Another eye opener is to keep an eye out for old cattle and horse yards made from old tree timbers. Out here feral horses, or Brumbies, cause a huge amount of damage to local waterholes, swamps and grazing land. These animals that can weigh up to 800kg make their way across the land leaving damage caused by their hoofs in soft ground that can take years to recover. It is possible even to see old fences made from old saplings where it is too steep to drive steel poles or dig into the rocky steep terrain- all part of living in this area. 

Oakwood Fire Trail soon emerges into some steep grazing land where you may need 4wd again to climb to the top if there has been any moisture recently. It is evident that this is a working cattle station, and as before- better to respect where you are and slow down as you pass through here, than have this area closed off. A friendly wave never goes astray out here, or better still- stop and say hi if you see a station worker nearby. This just adheres the friendship that can be had out here, and if lucky like we were- you will find out some great local history, local hotspots and any local information that may be handy at the time. We were lucky enough to come across an old cow cocky that shared some information, we were now on a property called pretty Valley that had been in his family for near 150 years, now thats dedication.

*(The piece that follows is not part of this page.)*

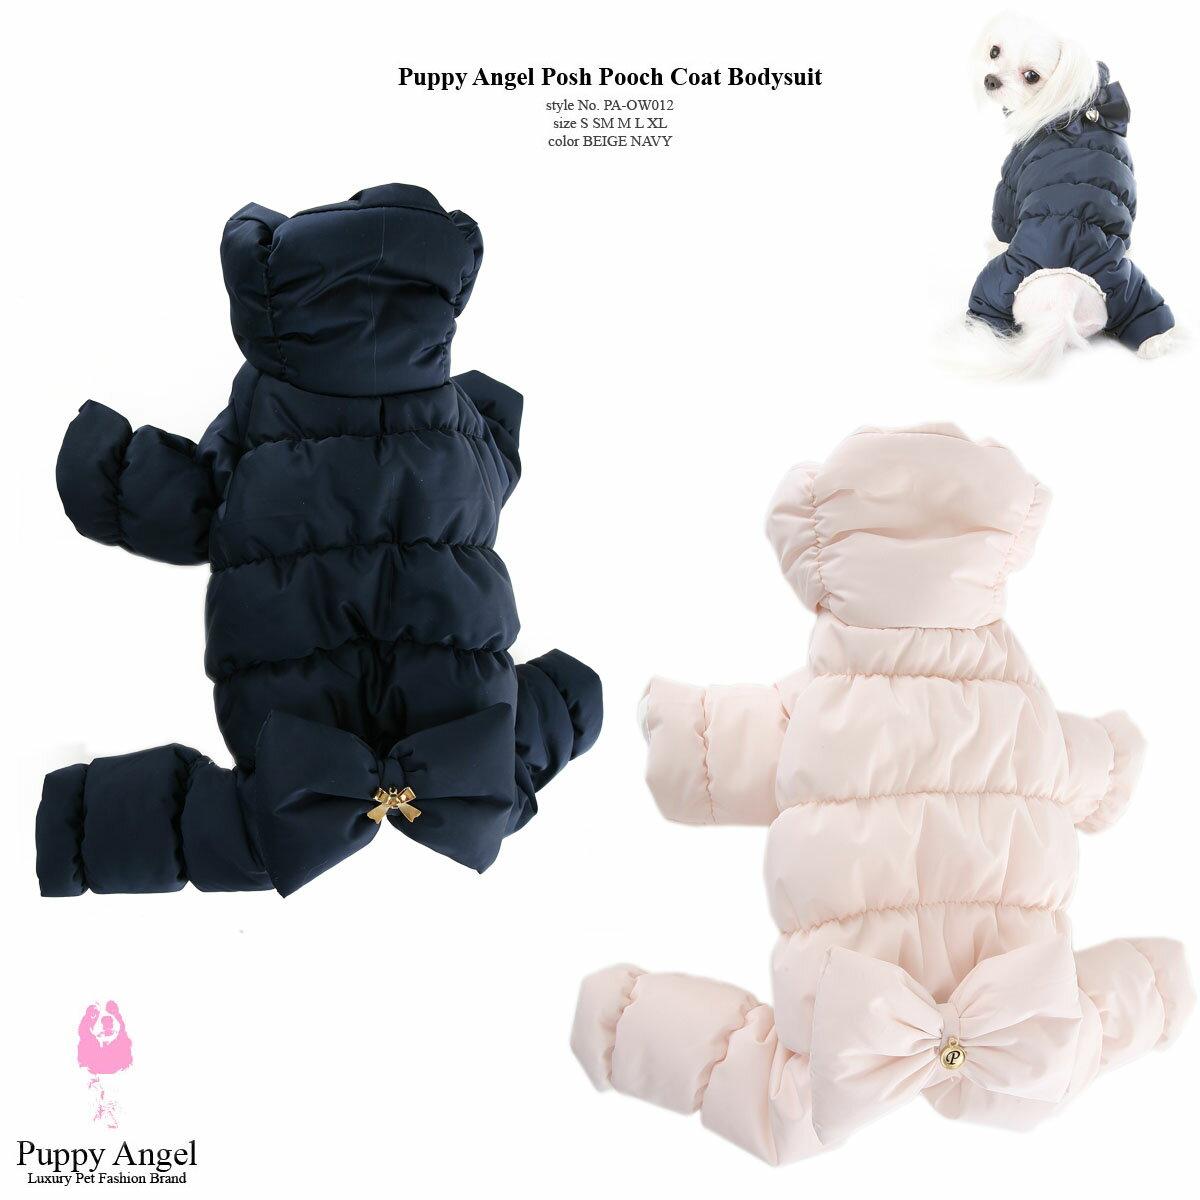 Puppy Angel Posh Pooch Coat Bodysuit S~XLサイズ 送料無料 PUPPYANGEL パピーエンジェル 犬 服 洋服 犬服 犬の服 犬の洋服 ドッグウェア 犬用

After passing through Pretty Valley and its surrounds the roads soon turn to fairly good station roads then into main thoroughfare roads where 4wd isn't needed any more. Travelling the last 10km along Pretty Valley Road will have you passing fertile grazing land holding sheep and a few cattle. Soon you will unfortunately hit a dreaded tar road, in which the old celtic town of Glen Innes lies some 20 km to right from here. 

This is one of those trips where you traverse above the 1000 metres above sea level mark for the entire drive, yet so close to the coastal strip of northern NSW and the beach dwellers. It is possible to do this trip in winter and you can nearly be assured of either a darn good frost or if you are lucky some snow- but be warned this is granite country and it gets bitterly cold here in the cooler months. If your thinking about a few days away why not explore the Glen Innes region away from the coast, and you never know what you will find and you may come back for more.